Repeating the step S203, and further obtaining the 3 rd to 16 th wavelength variables as follows: 4223 th variable (wavelength 1730.7nm), 1944 th variable (wavelength 1241.16nm), 2655 th variable (wavelength 1361.29nm), 4700 th variable (wavelength 1886.44nm), 3281 th variable (wavelength 1488.1nm), 4684 th variable (wavelength 1880.76nm), 2973 th variable (wavelength 1422.88nm), 3857 th variable (wavelength 1627.6nm), 2814 th variable (wavelength 1391.4nm), 1232 nd variable (wavelength 1140.38nm), 2558 th variable (wavelength 1343.54nm), 4078 th variable (wavelength 1688.33 nm).
And step S204, judging the number of the selected wavelength variables.
And (3) establishing a PLS regression multivariate calibration model by using the sequentially selected 1 st to 16 th wavelength variables, and obtaining RMSEP when modeling is carried out by adopting different numbers of wavelength variables by an interactive verification method.
As shown in fig. 4, a distribution diagram of RMSEP values obtained when different numbers of wavelength variables are selected in sequence for modeling in the present embodiment is shown, where an inverted triangle in fig. 4 represents the RMSEP value, and a curve represents a trend of the RMSEP value changing with the change of the number of wavelength variables.

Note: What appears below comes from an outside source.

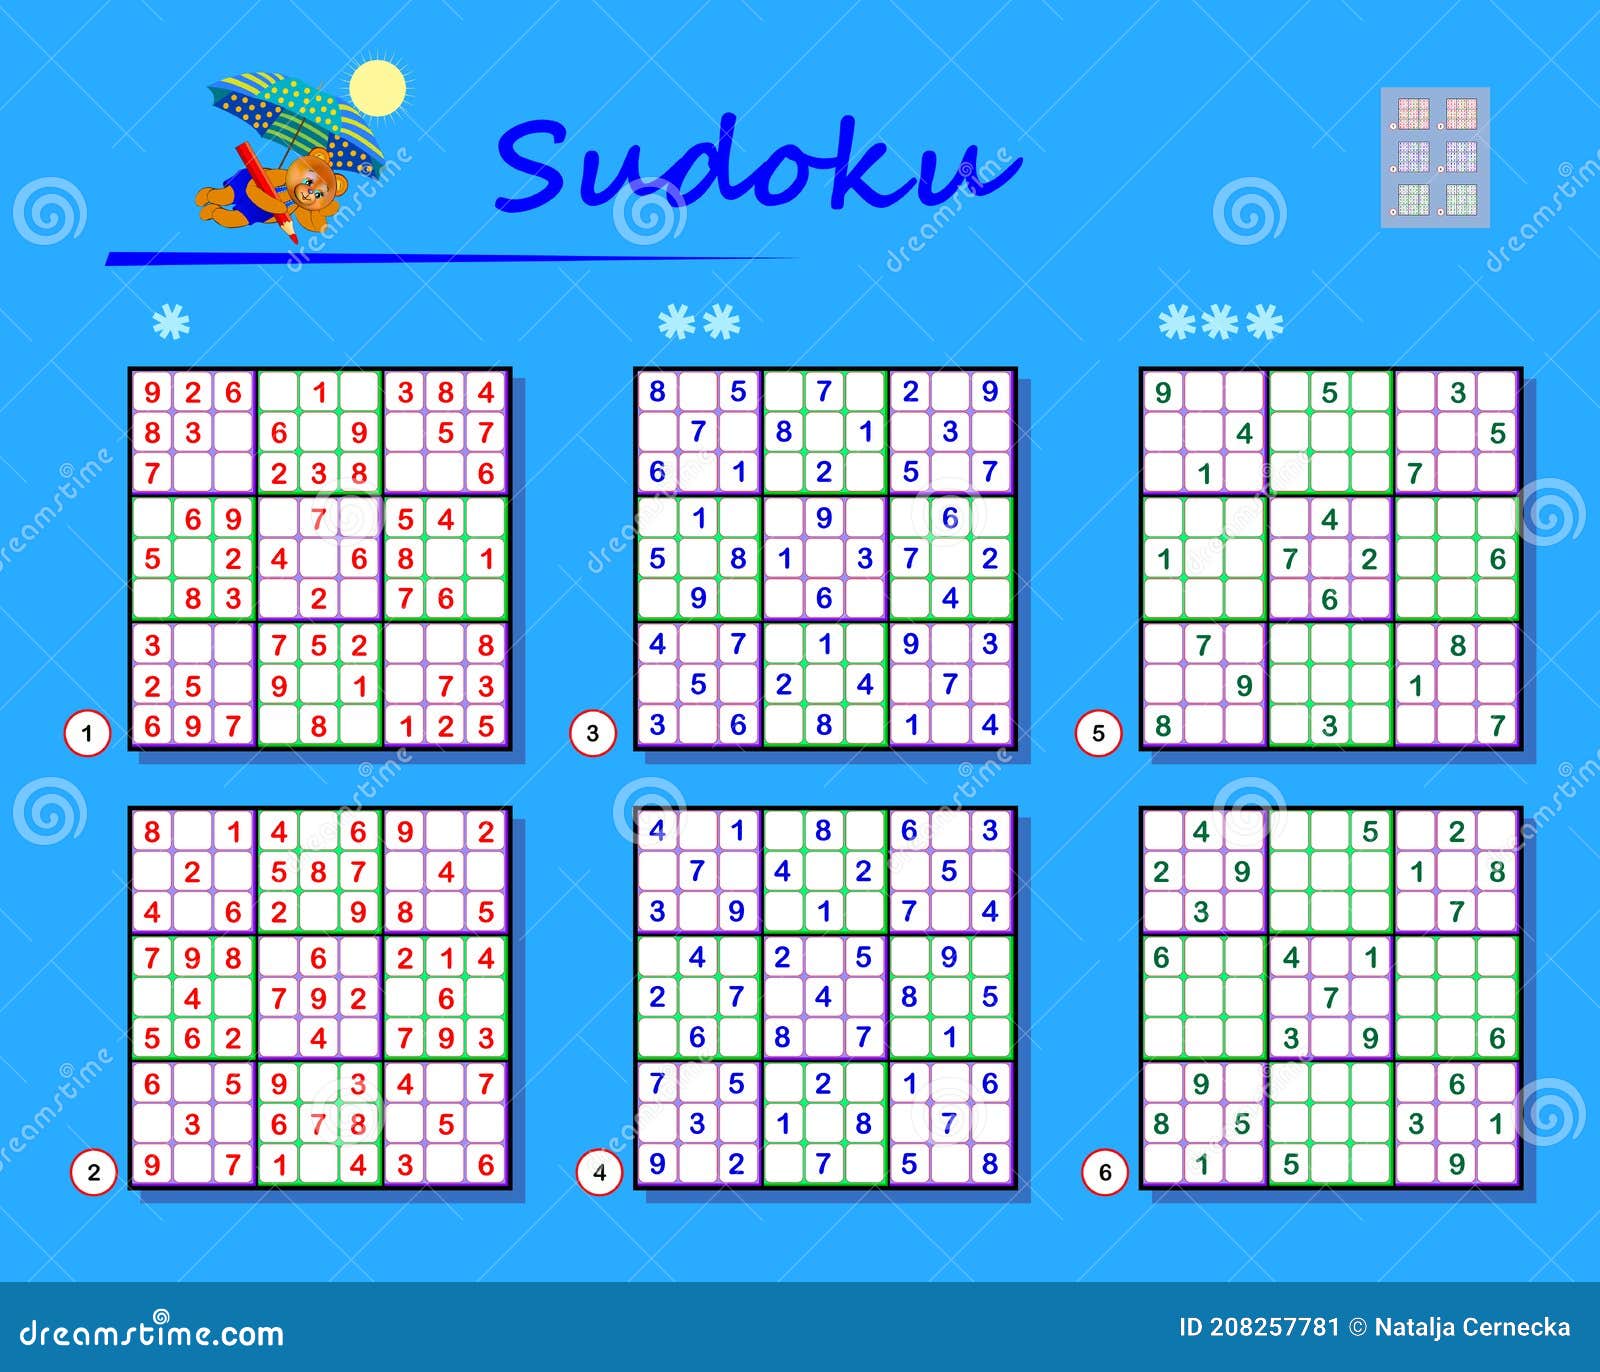 Jogos Com Leite - Gostam de Sudoku? Pra quem curte, este é bem divertido e  difícil!  Atentem que  além das regras normais de sudoku, existe uma regra a mais: Restrição do
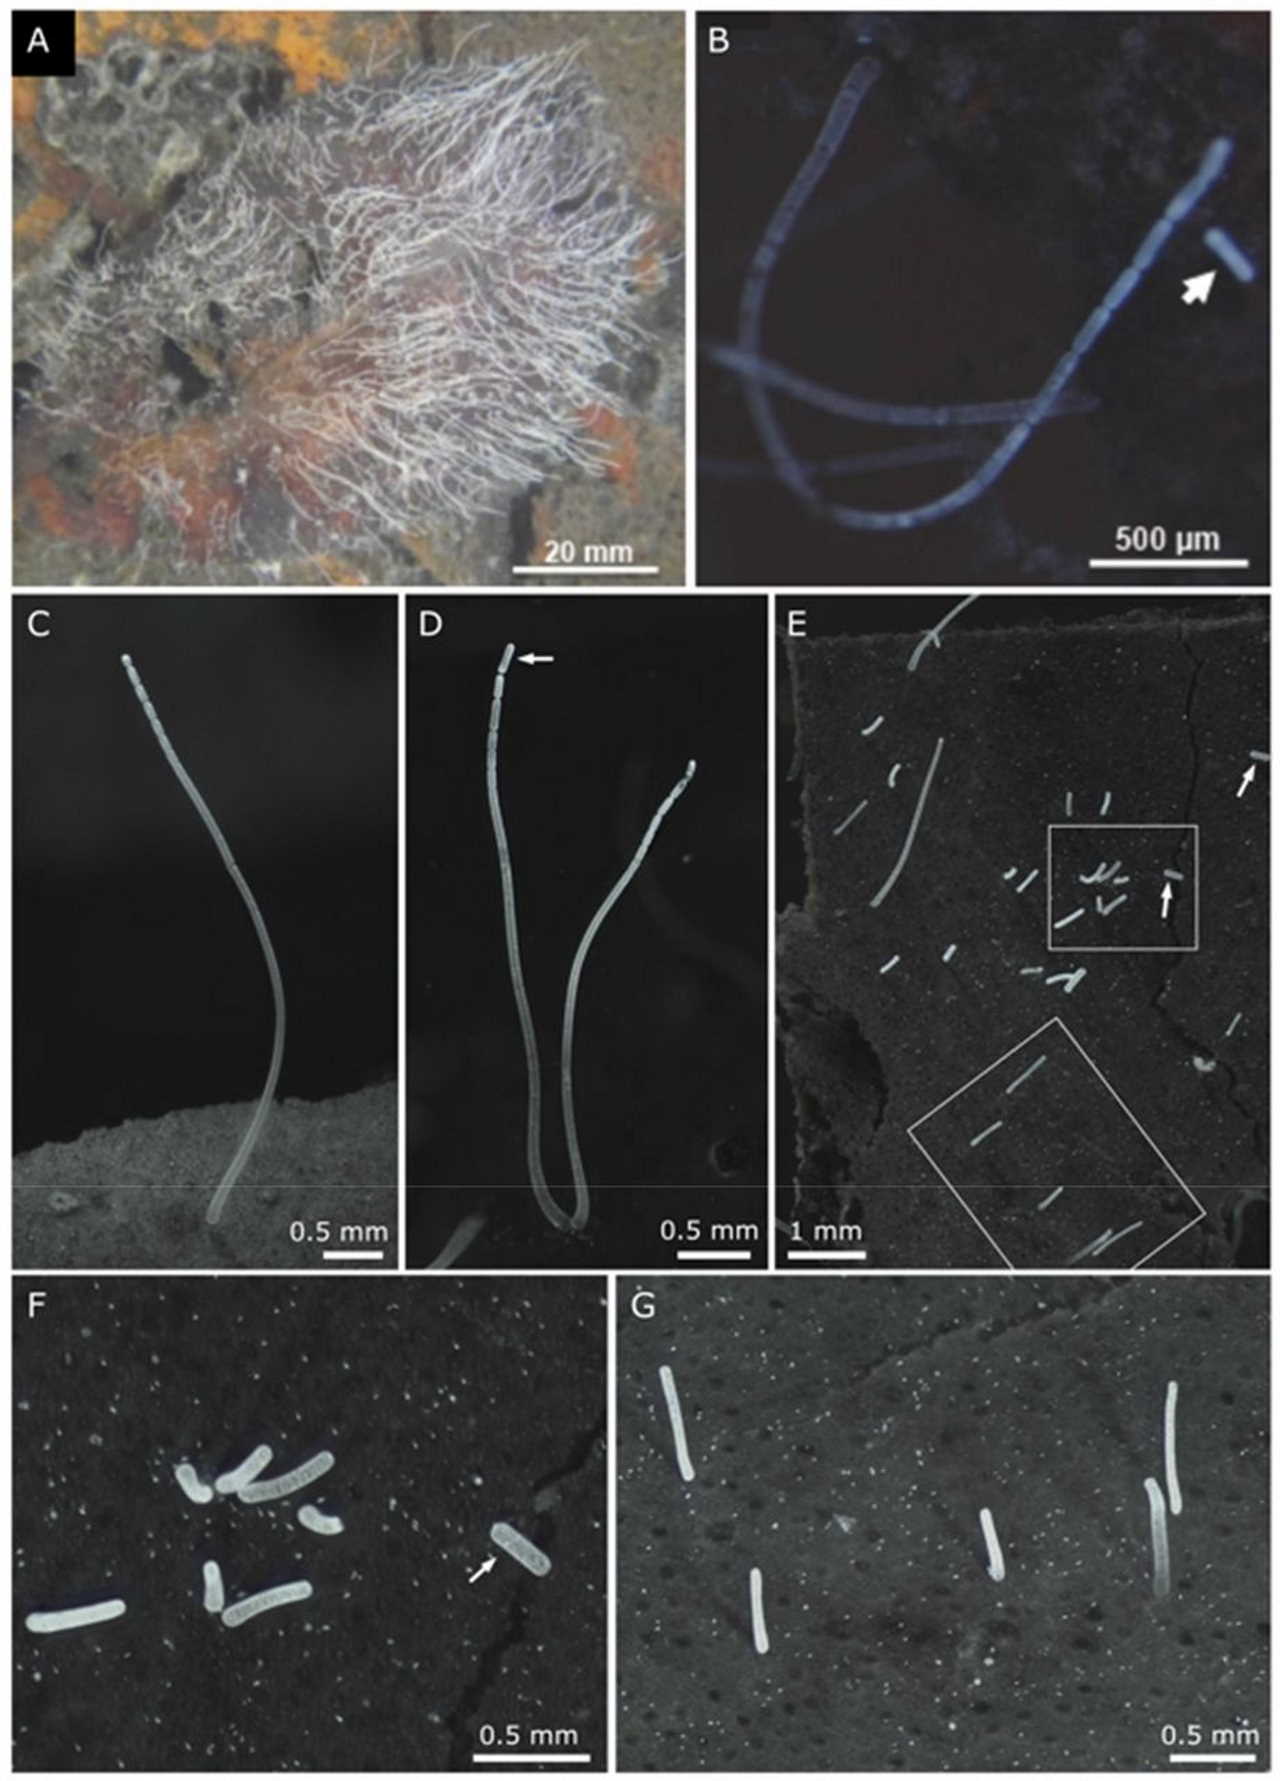 Мікроскопія нового виду бактерії. А. Клітини на листкові мангру. В-D. Демонстрація брунькування бактерії. Е. Ділянка листка з відділеними дочірніми клітинами бактерії різного розміру. F-G. Те ж зі збільшенням. Volland et al. / bioRxiv, 2022

It can be seen that when the first 14 wavelength variables are selected for modeling, the RMSEP value is the smallest, so the number of the optimal wavelength variables is 14, and at this time, the selected first 14 wavelength variables are combined into the optimal wavelength variable combination, as shown in fig. 5, which is a distribution diagram of the preferred wavelength variables of this embodiment, and can reflect the range of the preferred wavelength variables, the circle in fig. 5 represents the selected wavelength variable, and the curve represents the spectral curve.
By the wavelength variable optimization method of the present invention, a PLS regression multivariate calibration model is established, and the prediction set samples are predicted, so that the RMSEP value is 1.9mg/dL, the Correlation coefficient (Correlation) of the prediction results of the multivariate calibration model is 0.94, and the Correlation is shown in fig. 6, which is a schematic diagram of the prediction results of the PLS multivariate calibration model established for the optimal wavelength variable combination in this embodiment. In fig. 6, a black dot represents a correlation between the reference value and the predicted value, and a straight line represents a reference of the correlation. When the black point is closer to the straight line, the correlation between the predicted value and the reference value is larger.
As shown in table 1, in order to select prediction parameters for modeling in different wavelength variable ranges, 14 wavelength variables are selected for modeling by using a self-model wavelength variable optimization method in this embodiment, and compared with the effect of performing full-spectrum modeling by selecting 4711 wavelength variables, the self-model wavelength variable optimization method provided by the invention is not only simple and easy to implement, but also has high modeling efficiency, and the prediction accuracy of the established multivariate correction model is also significantly improved.
TABLE 1
In the foregoing embodiments, the descriptions of the respective embodiments have respective emphasis, and for parts that are not described in detail in a certain embodiment, reference may be made to related descriptions of other embodiments.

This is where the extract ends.